Local measurements and the entanglement transition in quantum spin chains
Sven Bachmann, Mahsa Rahnama, Gabrielle Tournaire
TL;DR
The paper analyzes how local measurements on symmetry-protected topological states in infinite 1D spin chains induce an entanglement transition from short-range to long-range order. By formulating SRE via split automorphisms and exploiting on-site Abelian G×H symmetries, it proves that post-measurement states cannot remain uniformly short-range entangled, as string-order parameters embedded in the pre-measurement SPT state generate long-range correlations after projection.
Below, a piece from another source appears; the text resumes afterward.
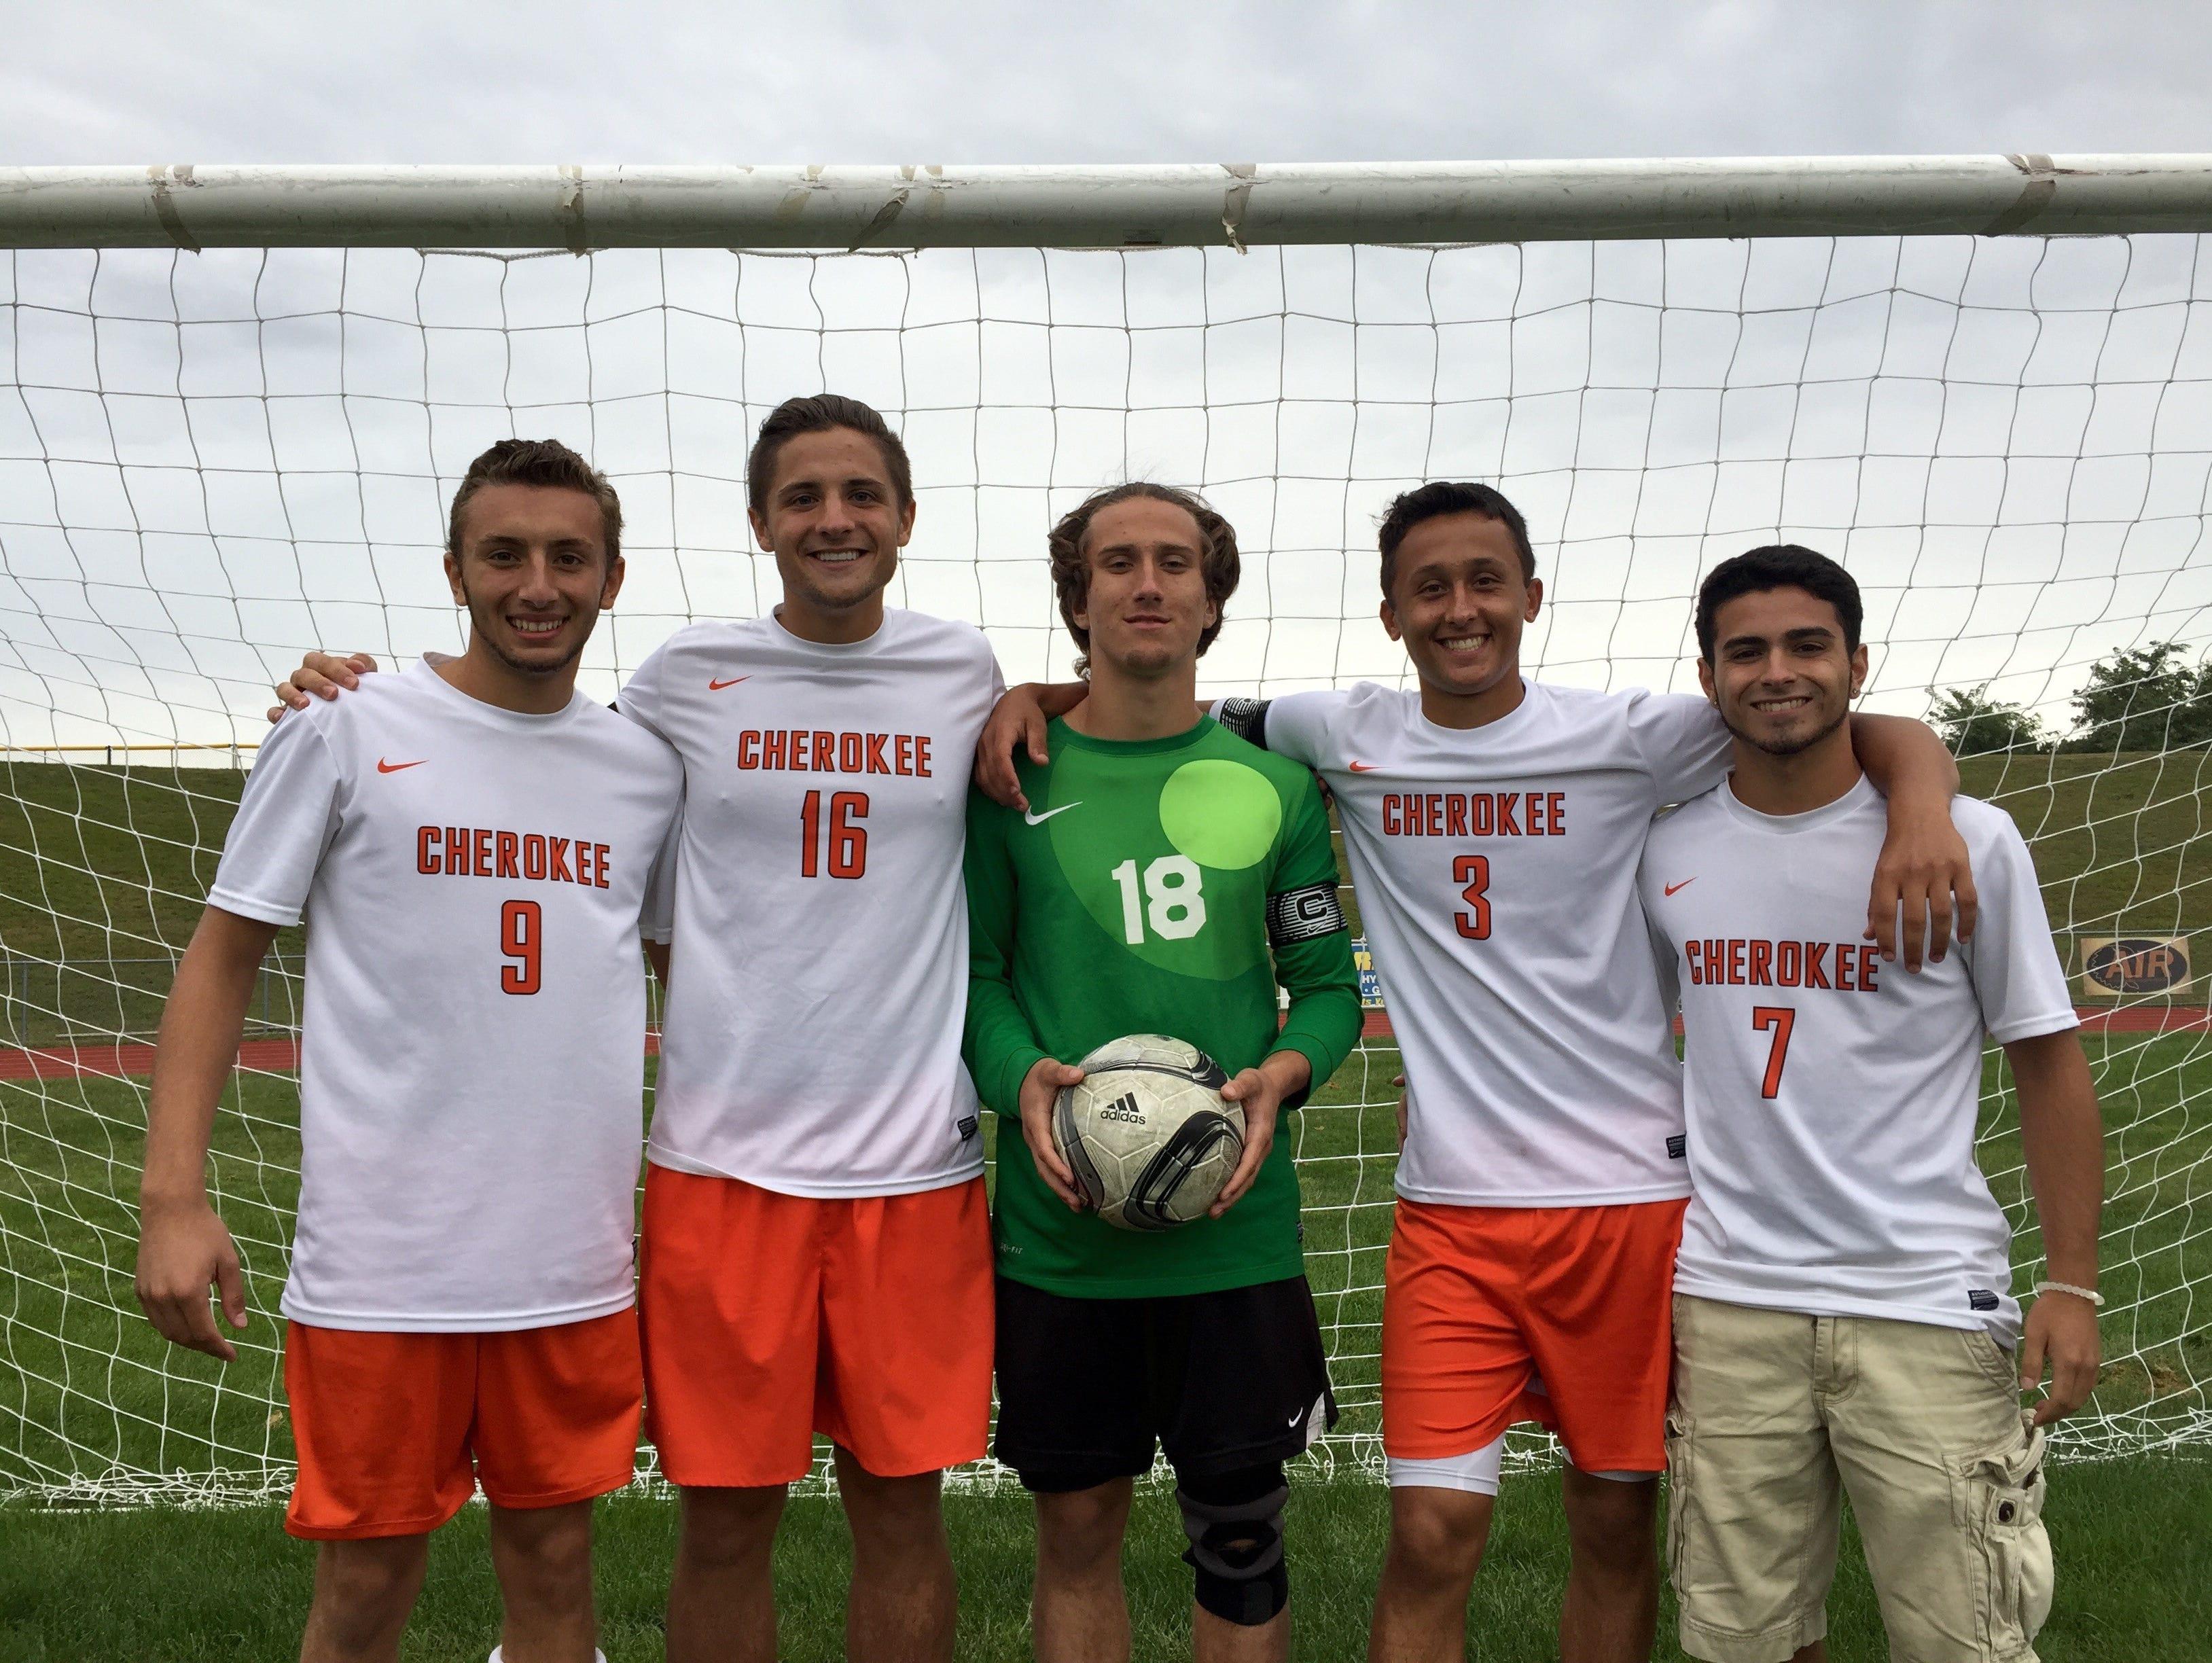 The Cherokee High School boys' soccer team seniors (L to R) Eamon McCarren, Mario LaMorte, Zach Rowe, Cristian Ognibene, Justin McCarthy

When the entangler is a quantum cellular automaton, blocking measurements yields an infinite-volume post-measurement state that is long-range entangled, and, under mild commutation conditions, the long-range order emerges even without blocking. The work connects SPT cohomology, projective symmetry representations in the GNS framework, and quasi-local automorphisms to illuminate how measurements reshape entanglement structure, offering a rigorous route to entanglement transitions in 1D quantum systems.
Abstract
We consider the transition between short-range entangled (SRE) and long-range ordered (and therefore long-range entangled) states of infinite quantum spin chains, which is induced by local measurements. Specifically, we assume that the initial state is in a non-trivial symmetry-protected topological phase with local symmetry group $\mathcal{G} = G \times H$, where $G$ is an Abelian subgroup. We show that the on-site measurements of the local $G$-charge on intervals of increasing lengths transform the initial SRE state into a family of states with increasingly long-range correlations. In particular, the post-measurement states cannot be uniformly short-range entangled. In the case where the initial state is obtained from a product state using a quantum cellular automaton, we construct the infinite-volume post-measurement state and exhibit almost local observables that are maximally correlated.